The State of Washington, Appellant, v. T.J.Z., Respondent.

[1] Juveniles - Juvenile Justice - Disposition - Review - Nature of Appeal. The disposition of a juvenile offender is appealable in the same manner as a criminal case.

[2] Juveniles - Juvenile Justice - Disposition - Restitution - Review - Right of Appeal. A restitution order in a juvenile justice proceeding is part of the disposition and is subject to appeal under RAP 2.2(b)(6).

[3] Appeal - Rules on Appeal - Noncompliance - Interests of Justice. Where justice demands, an appellate court will not determine a case or issue solely on the basis of compliance or noncompliance with the Rules of Appellate Procedure.

[4] Appeal - Decisions Reviewable - Statutory Violation. A claim that the trial court refused to perform an act required by statute is a proper subject for an appeal.

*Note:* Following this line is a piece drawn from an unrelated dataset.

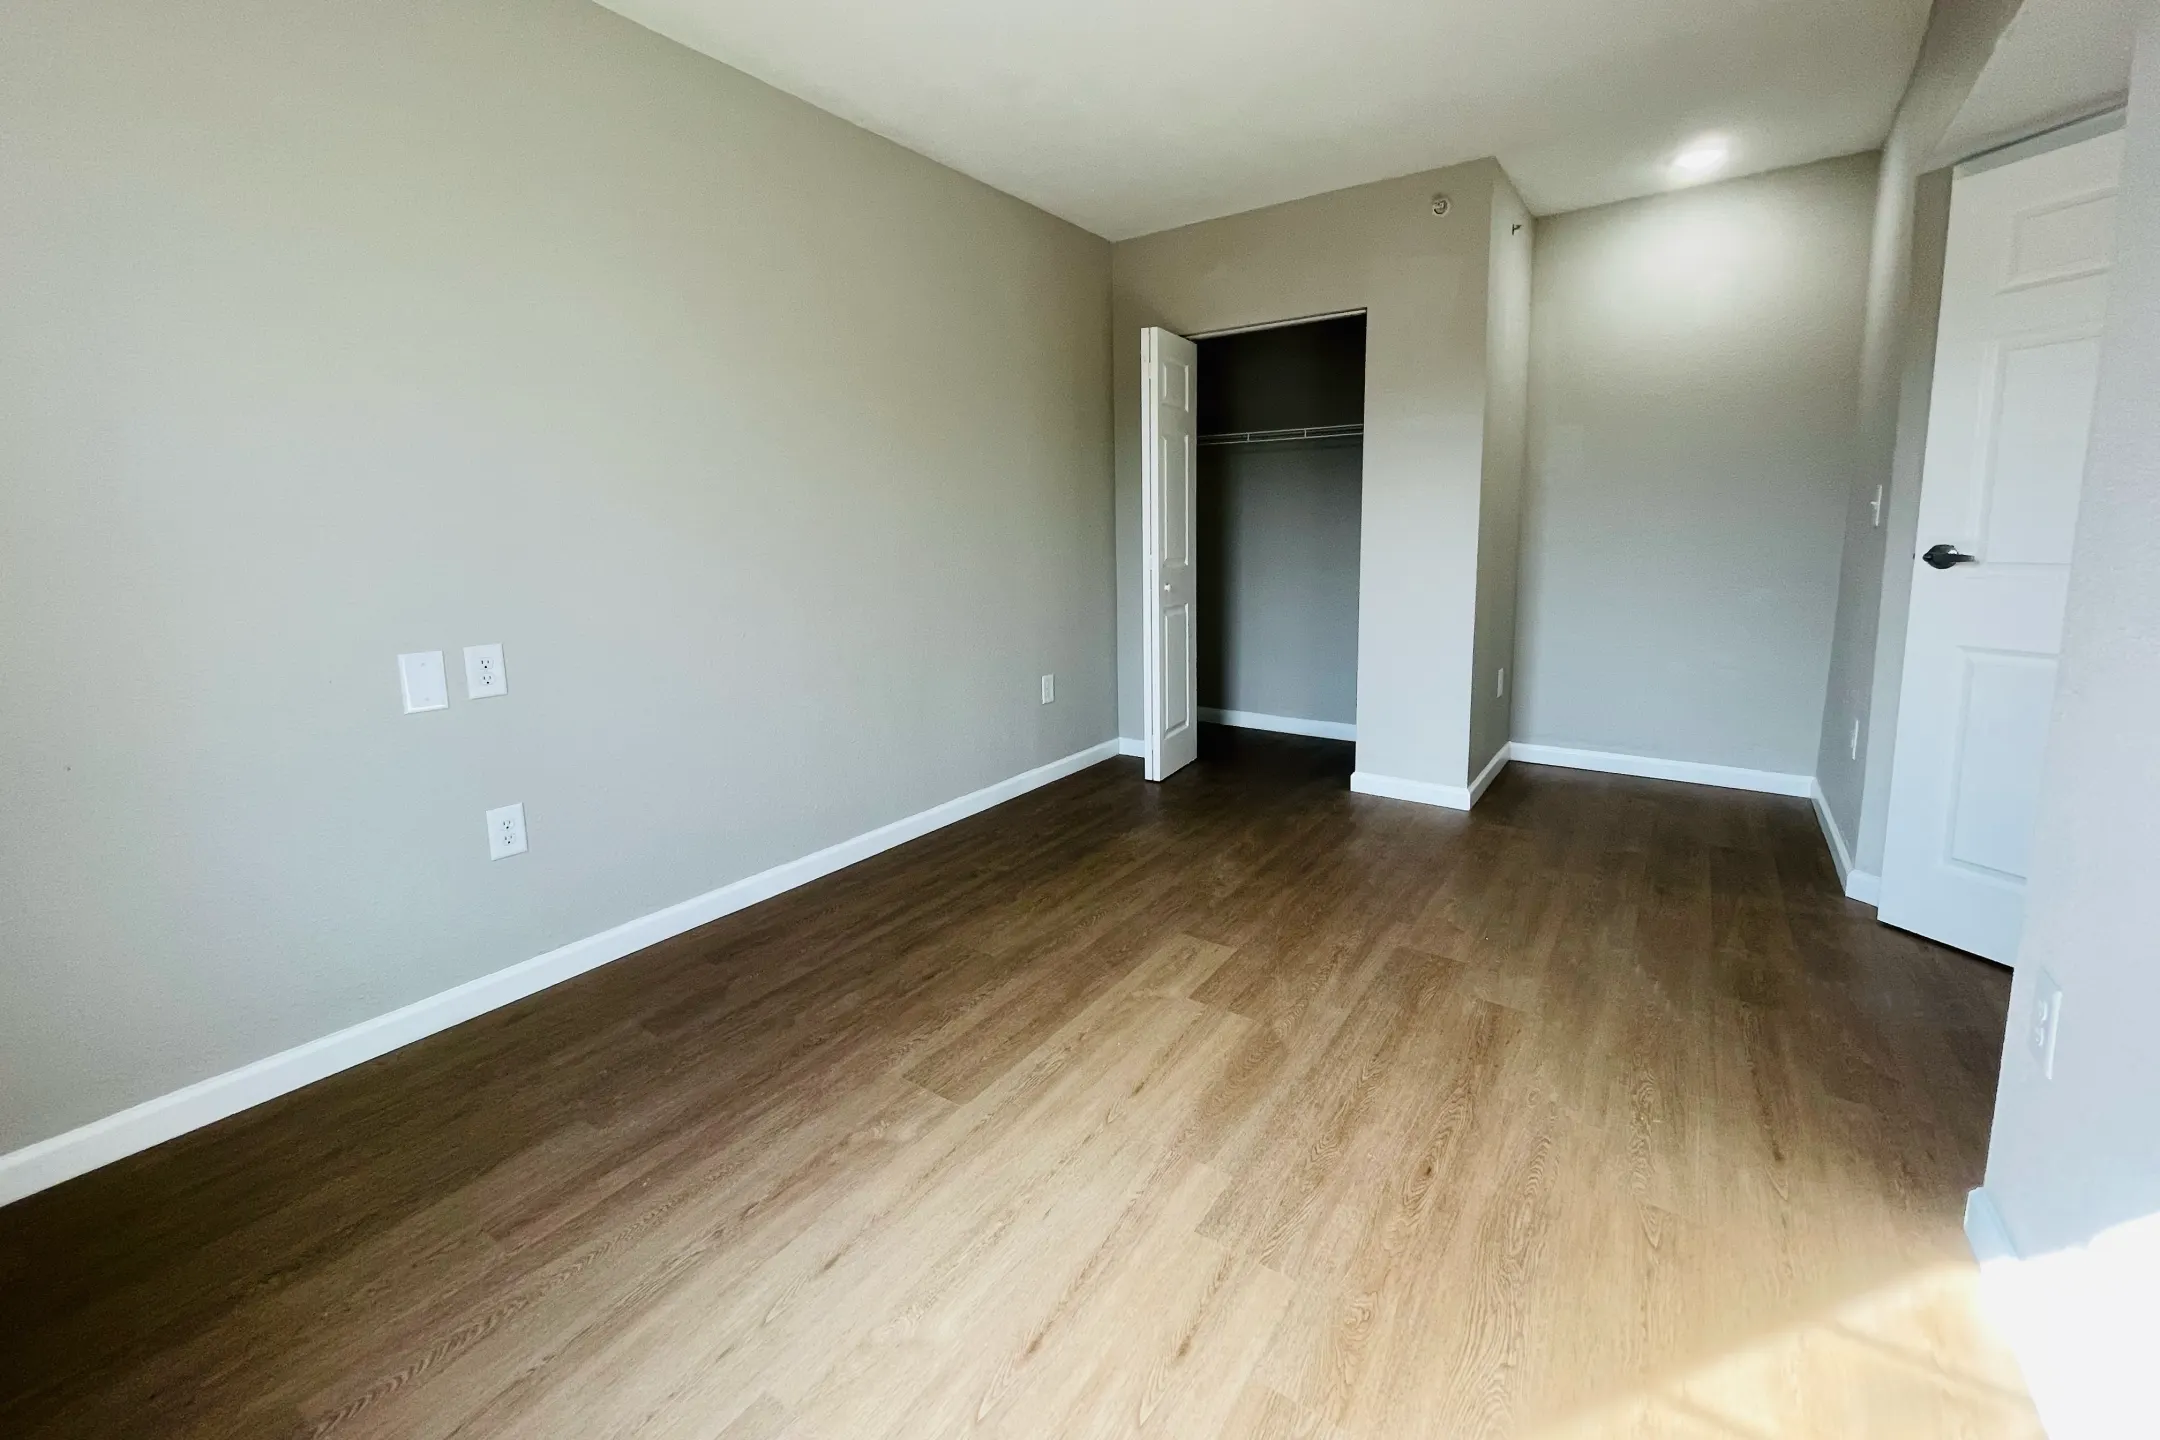 Living Room - Flats at 87Ten - Charlotte, NC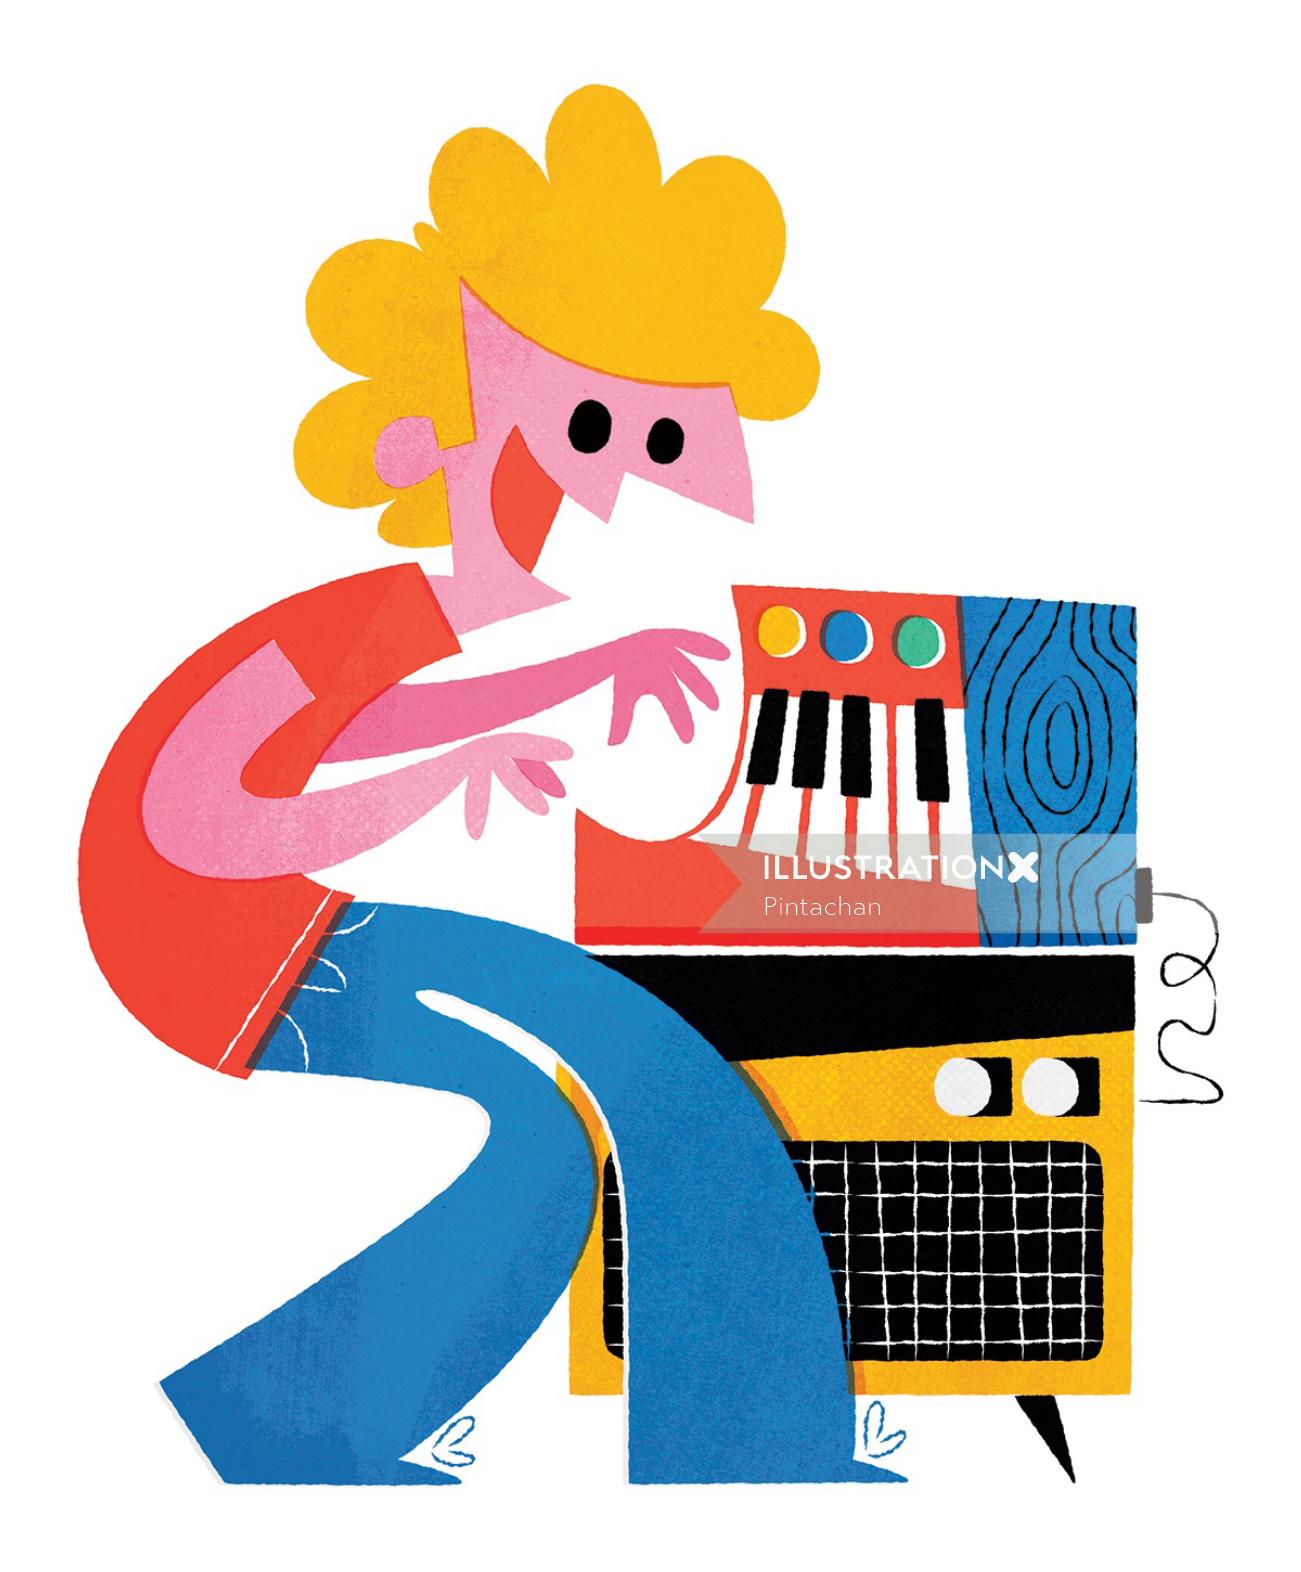 Man playing piano digital illustration

[5] Juveniles - Juvenile Justice - Disposition - Restitution - Statutory Authority - In General. Unlike the Sentencing Reform Act of 1981 (chapter 9.94A RCW), one of the specifically enumerated aims of the Juvenile Justice Act of 1977 (chapter 13.40 RCW) is to provide for restitution to victims of juvenile offenses.

[6] Juveniles - Juvenile Justice - Disposition - Restitution - Purposes. The purposes of the restitution provisions of the Juvenile Justice Act of 1977 (chapter 13.40 RCW) are victim compensation and offender accountability.

[7] Juveniles - Juvenile Justice - Disposition - Restitution - Statutory Authority - Liberal Construction. The restitution provisions of the Juvenile Justice Act of 1977 (chapter 13.40 RCW) are liberally construed in favor of imposing restitution.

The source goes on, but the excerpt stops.